I’m starting a Halloween scary contest

Let’s break an old Leaside law

I would like to see a return to the days when Leaside was famous for Christmas/Holiday lights and add gory glory for our Halloween spirit!

I have created a Halloween Decorating Contest with the help of Patrick Rocca of Bosley Real Estate, Rob Tremblett of valu-mart and Marian and JD of Sleuth of Baker Street. For contest details please visit www.halloweencontest.org.

Enjoy the spooktacular entries and winners on the site and the winners at www.leasidelife.com/.

Enter, if you dare! The deadline is midnight Oct. 28.

Our ghoul is neighbourhood and family fun.

In North America Halloween is now second only to Christmas in decorating splendor. 50 percent of adults celebrating will decorate their house and 81 percent will do it with new decorations. 

Leasiders may not go over the top like television’s Ina Garten with her black and orange dinner parties featuring black espresso martinis, but each year the outdoor decorating is more elaborate and stays up longer.

All that spree of zombies, pumpkins and inflatable scary things to greet revellers makes me remember that trick or treating was once illegal in the town of Leaside.

Under the guise of safety concerns, youngsters reported to their school for a Halloween party. This was incomprehensible to me.

The night of tricks, ghoulish goings on and ill-conceived mayhem fell flat in the school where you spent every ordinary day.

So I trick or treated across the border of Leaside.

I understand that kids now come to Leaside where candy foraging is the best. We are doing our share of carrying the Canadian load of candy spending — $322 million for October 2010.

And it’s not just kids who enjoy Halloween. As you move through the age cohorts the level of participation increases.

In the old days my spookiest moment was always the trip into the heart of Leaside to let my grandparents see my homemade costume and to get my loot bag stuffed.
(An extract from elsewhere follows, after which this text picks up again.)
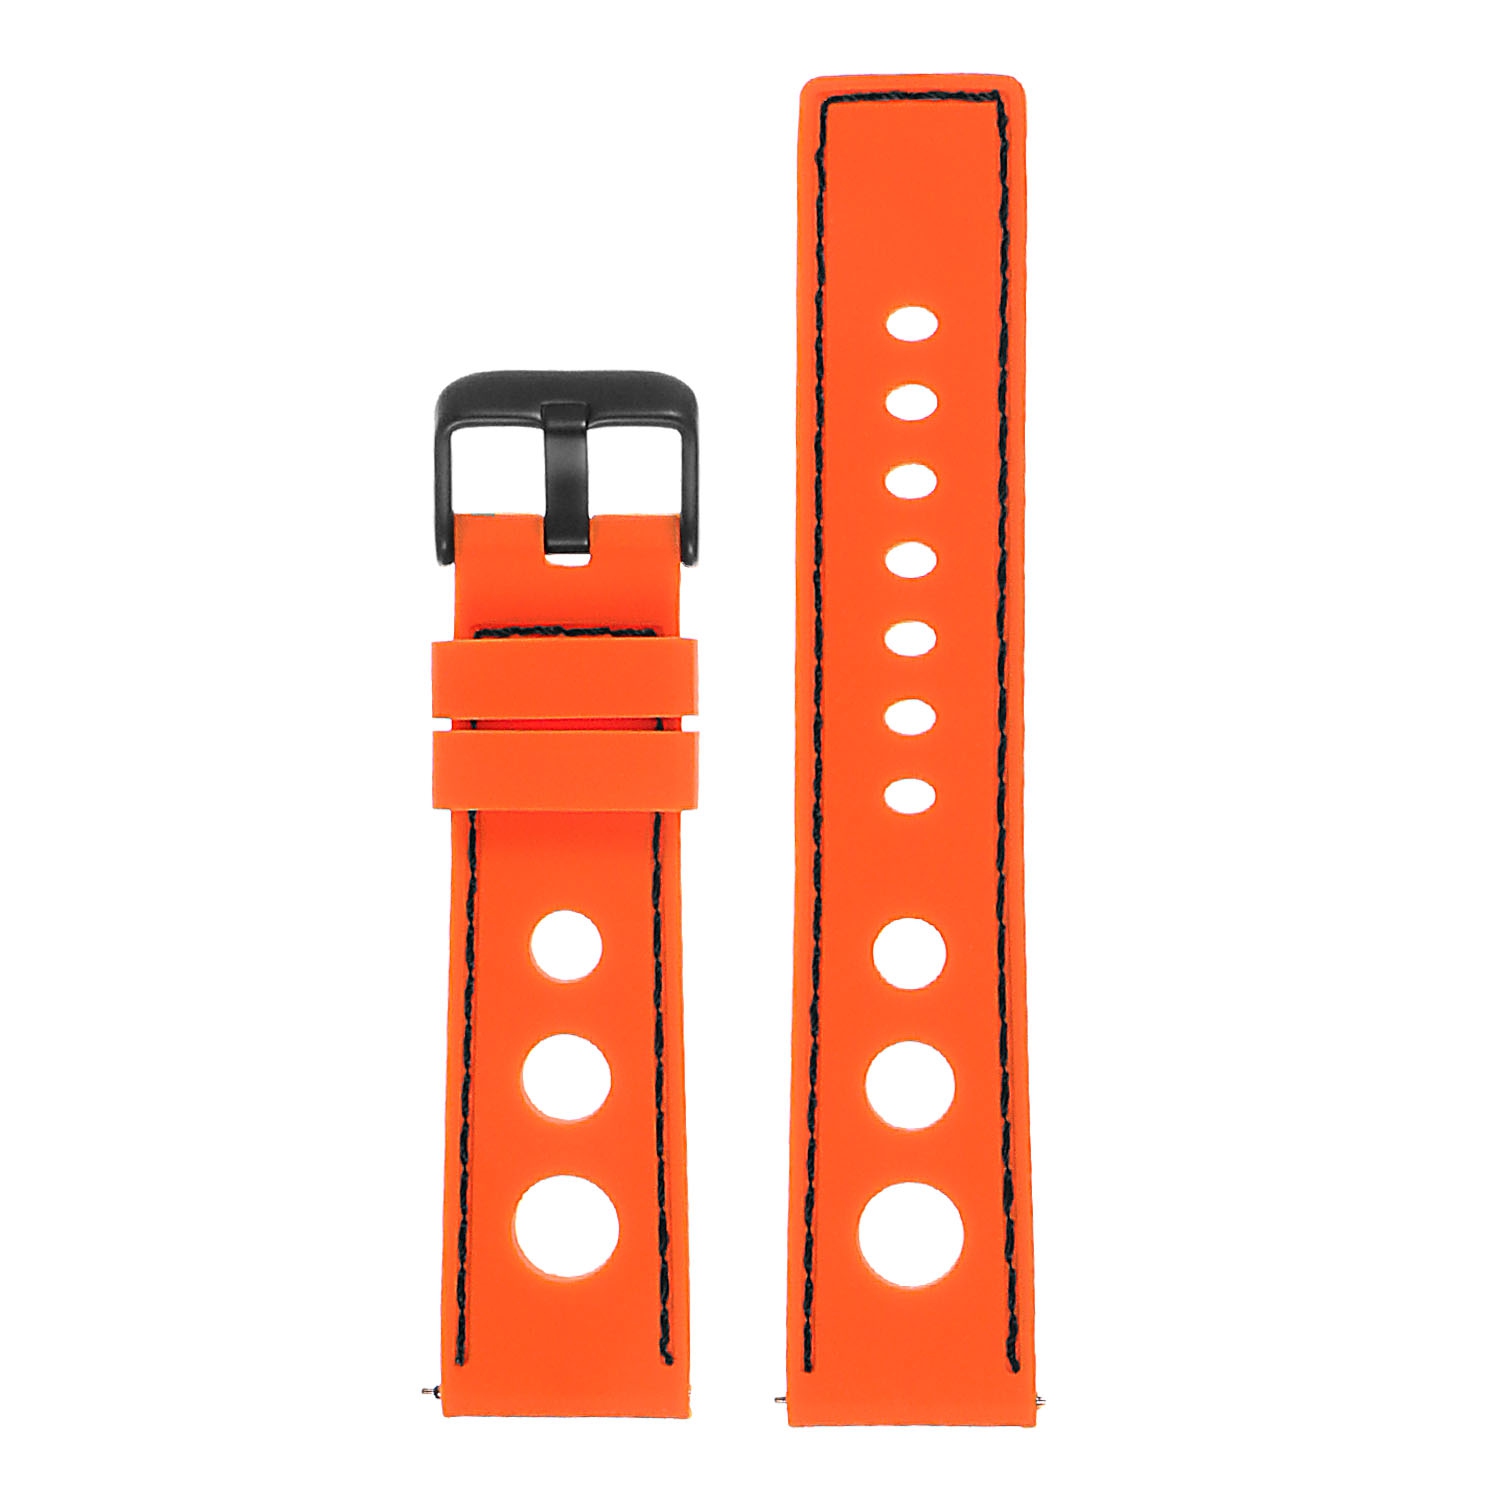 StrapsCo Silicone Rubber Rally 22mm Watch Band Strap for LG G Watch W100 - Orange & Black (Black Buckle)
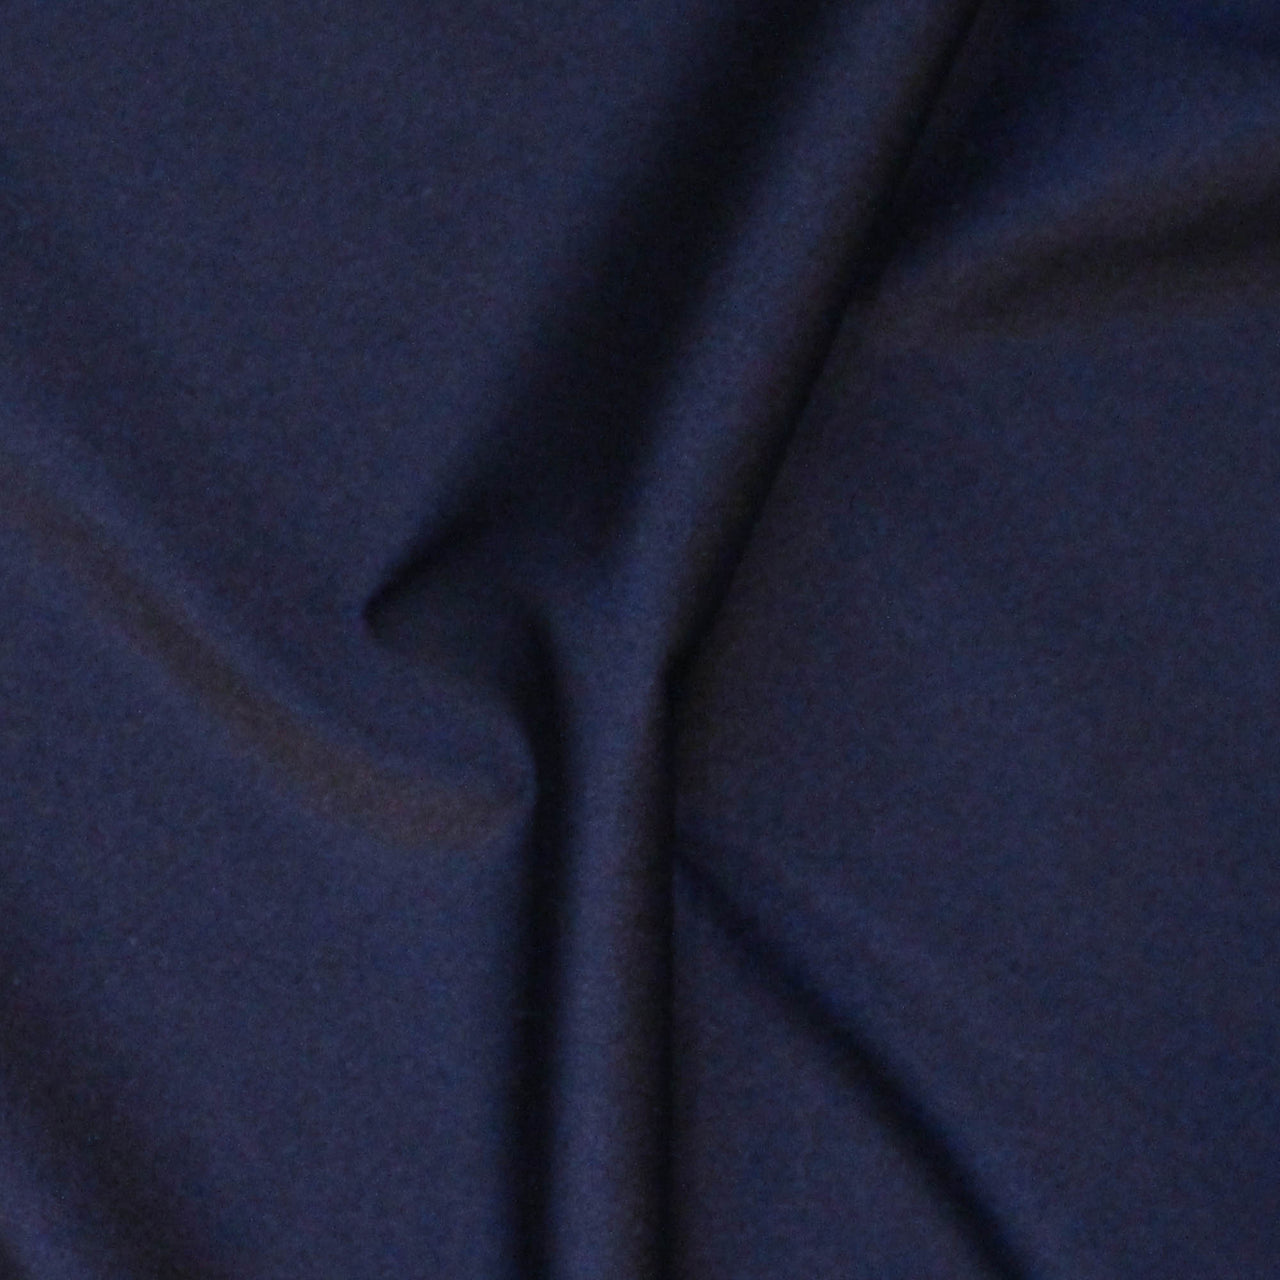 Navy Blue - Nylon Spandex Fabric - 4 Way All Way Stretch Superior Quality - Leotards, Dancewear

My parents were children of the depression with the usual era-induced terror of authority. Taking me to Grandma’s house was living a Grimm fairy tale for them. They were terrified of breaking the Leaside law!

I was smuggled from the car into the side door (no outside light to welcome us this night). This was the true other worldly spirit of the day for me.

Today my Halloween fun is more sophisticated with gravestones from the movie Resident Evil and wooden crosses from Anthony Hopkin’s error in judgment Dracula 2000.

My neighbour told me that he was stopped at my house by a passersby who wanted to know when the small graveyard had been closed and did it bother the homeowner to be next to grave markers.

He gleefully re-enacted the man’s expression of amazement when he touched a grave and realized that it was styrofoam.

One person’s illusion is another’s reality as I discovered last year when the local raccoons ate my row of pumpkins — burning candles and all. The enjoyment of spooky illusion for me was just a hot vegetable for them.